Johnny Ramone: "Nunca me divertí tocando con los Ramones"

Recordamos al guitarrista, a un año más de su partida
Viernes 15 Septiembre, 2017
Johnny Ramone: "Nunca me divertí tocando con los Ramones"

Como bien dice su obituario, el músico "que sabe que va a morir, tiene poco que perder, y se muestra más sincero que nunca". Johnny Ramone una vez fuera de su banda madre llegó a sentenciar: "Nunca me divertí tocando con los Ramones".
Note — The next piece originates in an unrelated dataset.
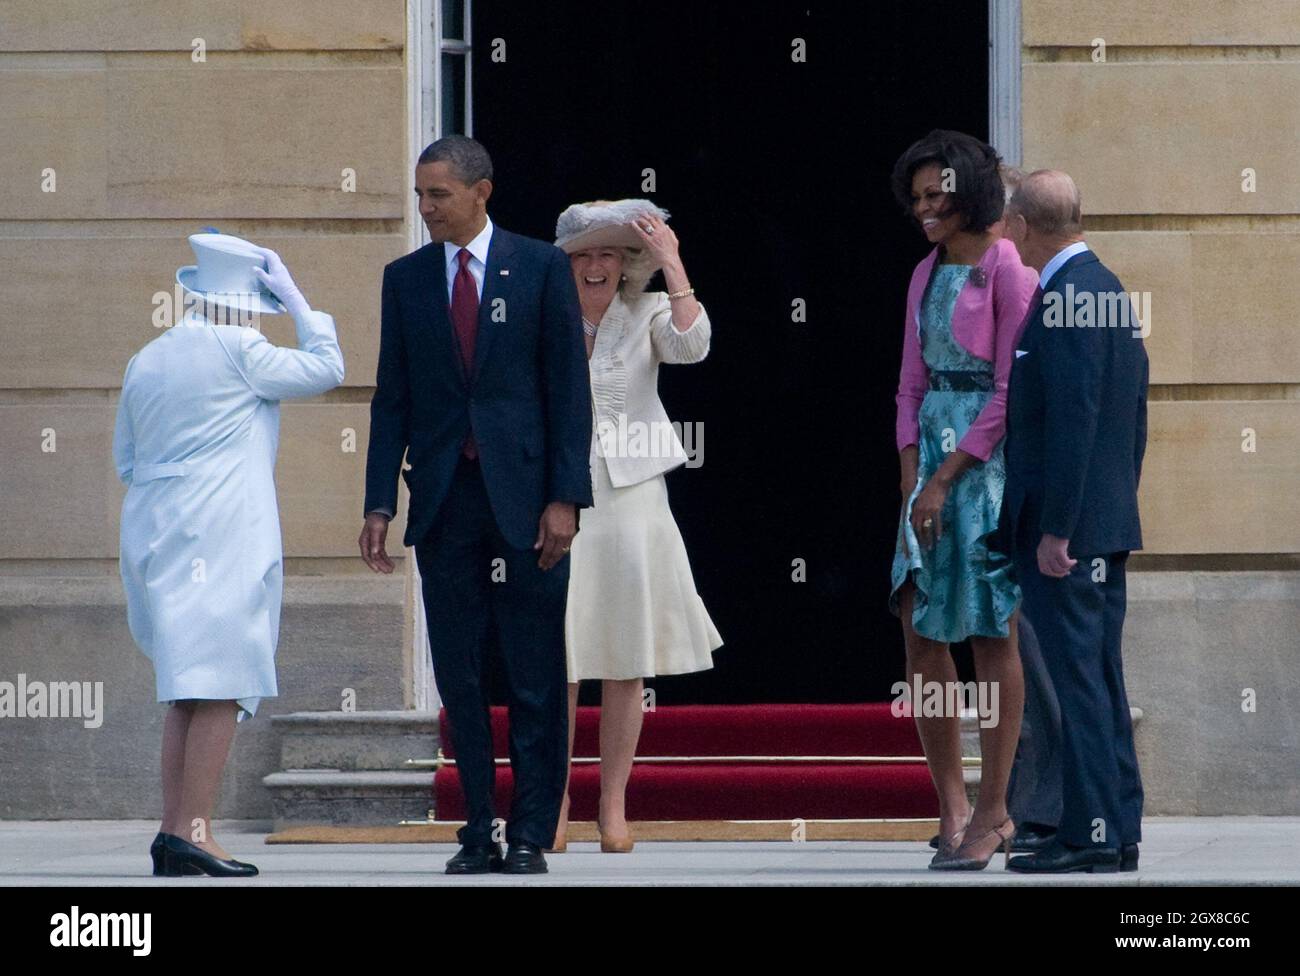 La reine Elizabeth II, le président américain Barack Obama, Camilla, la duchesse de Cornwall, le prince Charles, le prince de Galles,La première dame Michelle Obama et le prince Philip, duc d'Édimbourg, regardent un accueil de cérémonie dans les jardins de Buckingham Palace le 24 mai 2011 à Londres, en Angleterre. Banque D'Images

Venía a develar el verdadero mal karma de la banda, un grupo que no se hablaba antes de los conciertos y que terminó asumiendo el hecho de que los músicos más infelices suelen ser los que hacen la mejor música. El mismo Johhny, que en 1974 había instalado su célebre corte de pelo Ramones -por mucho que el peluquero fuera Dee Dee-, que no cambiaría en 30 años, tuvo que renunciar a él para someterse a su primer período de quimioterapia. El pelo luego le volvió a crecer, pero también el cáncer volvió a aparecer, así que volvió a quedar calvo. Y para él seguro que fue un tema: es que de los Ramones, era justo el más obsesionado con la imagen de la banda, y la suya propia.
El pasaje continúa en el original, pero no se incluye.